I considered myself a Janus figure – a doorway-figure sitting between disciplines. I could look into each of them. I could talk with all of the people. I had learned how to be them. But I was not just one of them.

janus-figure-1

Janus figure. Image source: http://en.wikipedia.org/wiki/Janus

TA: Right. I often tell people who don’t understand what I do, that I’m a translator between the worlds of engineering and business and design. Does that resonate for you?

AM: Yes, yes … very much. It took me a long time to be able to explain to people, and to my parents who asked: what is it that you do?

It was quite frustrating at times.

I want to say, also: you said “did you consider yourself unique” in doing something. In my early years, as young people are perhaps prone to do, I did think of myself as unique in some ways but as I’ve grown older, I’ve just found myself so typical in many ways.

Growing older, having a family, having the pressures and the challenges that one has in life, I am just startled by how average and typical and ordinary my concerns and interests and directions are. So that I realize if I have what I used to think of as brilliant, new idea – I think: “Oh, there are probably nine or 900 people having the same idea right now around the earth, thanks, in part, to our means of instantaneous communication.
That realization has fueled my interest in cross-cultural communication and some of the other topics in which I’ve been interested in, like mobile persuasion design, in the last decade.

TA: So as you hop ahead, it’s a great reason for me to hop back.
Let’s hop back to that moment in 1979. You had been finished with your undergrad degree, you were finished with both your undergrad and grad degree in graphic design. When did you finish with your degrees?

AM: ’68. And it was only in art and design school that I actually learned computer programming because a classmate said, “Hey, you have this ability in science and math that none of the rest of us do. You should go to this interview from AT&T Bell Labs because they’re hiring people. Maybe they’ll want you.”
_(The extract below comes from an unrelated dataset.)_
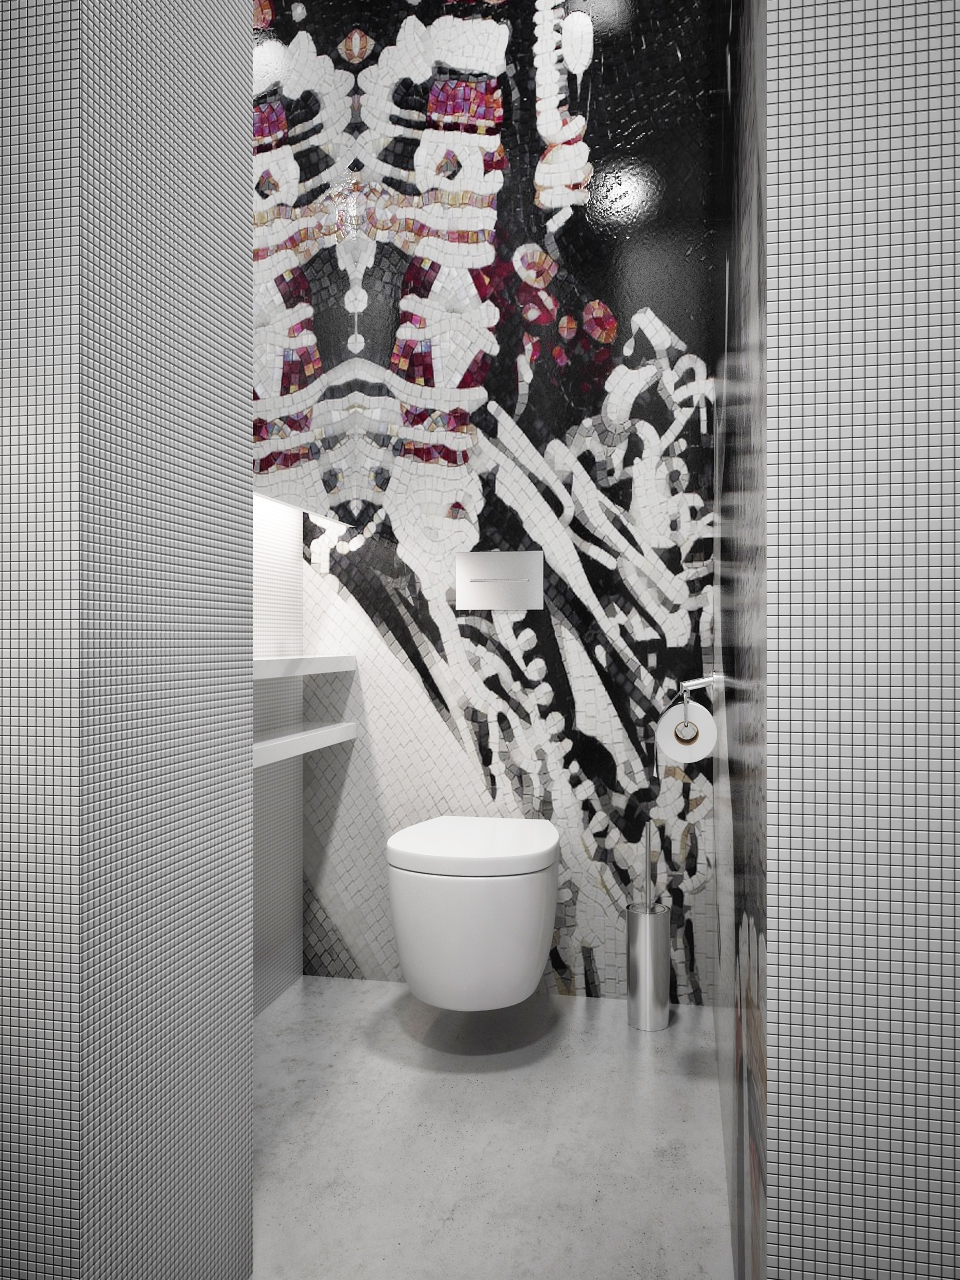 Bathroom mosaic tiles "width =" 960 "height =" 1280 "srcset =" https://mileray.com/wp-content/uploads/2020/05/1588516411_647_Minimalist-Bathroom-Designs-With-Wall-Texture-Decor-Which-Looks-So.jpeg 960w, https : //mileray.com/wp-content/uploads/2016/09/Mosaic-tile-bathroom-Azovskiy-Pahomova-Architects-225x300.jpeg 225w, https://mileray.com/wp-content/uploads/2016 / 09 / Mosaic-tile-bathroom-Azovskiy-Pahomova-Architects-768x1024.jpeg 768w, https://mileray.com/wp-content/uploads/2016/09/Mosaic-tile-bathroom-Azovskiy-Pahomova-Architects- 696x928 .jpeg 696w, https://mileray.com/wp-content/uploads/2016/09/Mosaic-tile-bathroom-Azovskiy-Pahomova-Architects-315x420.jpeg 315w "sizes =" (maximum width: 960px) 100vw, 960px

TA: So that’s where you went in 1968? You hadn’t learned enough– now you learn computer programming?

AM: Yes; 1967 I decided I wanted to learn about computers because I’d never done it in the physics realm. It was too early in the history of computers and computer graphics.

I taught myself at the computer center FORTRAN programming, a popular programming language for science and engineering. I went to this interview from AT&T Bell Labs which took place in….it must have been May of 1967. I did the sort of thing that you would tell someone never to do

FortranCardPROJ039.agr-1

A FORTRAN Punch Card. http://en.wikipedia.org/wiki/Fortran

TA: What did you do?

AM: I came in to meet the two interviewers, who were dressed like Men in Black people. They didn’t have the sunglasses but they had dark suits and they looked faintly sinister.

I said, “I don’t know why you would want me.”

TA: Oh, no.

AM: …But I have this background in physics and math, and I’m now at art/design school, and I’ve learned computer programming. Is that of any use to you?”

The two men turned their heads, looked at each other, smiled gently, looked back at me, and one of them said, “Well, actually we’re looking for someone exactly like you.”

TA: Wow.

AM: It was pretty eerie and creepy – and wonderful.

I went on to work with those two guys as a summer intern at AT&T Bell Labs. I was suddenly plunked down in the most advanced computer technology on the planet.

TA: Why were they looking for you?

AM: They were looking for people in the art and design realm who could tolerate and work with computer programming, computer graphics technology at the time, which was extremely cumbersome and clumsy.

TA: And why did they want to do that? This was in 1969?

AM: Ah, because in 1964 they had demonstrated the AT&T Picturephone ™.

AT&T_Picturephone_-_1

The 1964 AT&T Picturephone. Image source: http://en.wikipedia.org/wiki/Billy_Klüver

TA: Wow.

AM: At the World’s Fair in New York City in ’64. In ’69 I became a consultant at AT&T Bell Labs to program a desktop publishing system for the Picturephone, about five to ten years ahead of commercial systems.

ATT-picturephone-publishing-1

Early desktop publishing system for the ATT Picturephone. Photo by AT&T Bell Labs

TA: Did that little kid, that little rocket ship designer in you, just plotz?
Were you just over the moon inside?

AM: I was; I plotzed. I was extremely – you know – thankful and I couldn’t believe my good fortune. At that time, AT&T Bell Labs in ’67, ’68, ’69, ’70, had some leaders (like Billy Klüver) who were very interested in bringing designers and artists together with computer people – technology people in general.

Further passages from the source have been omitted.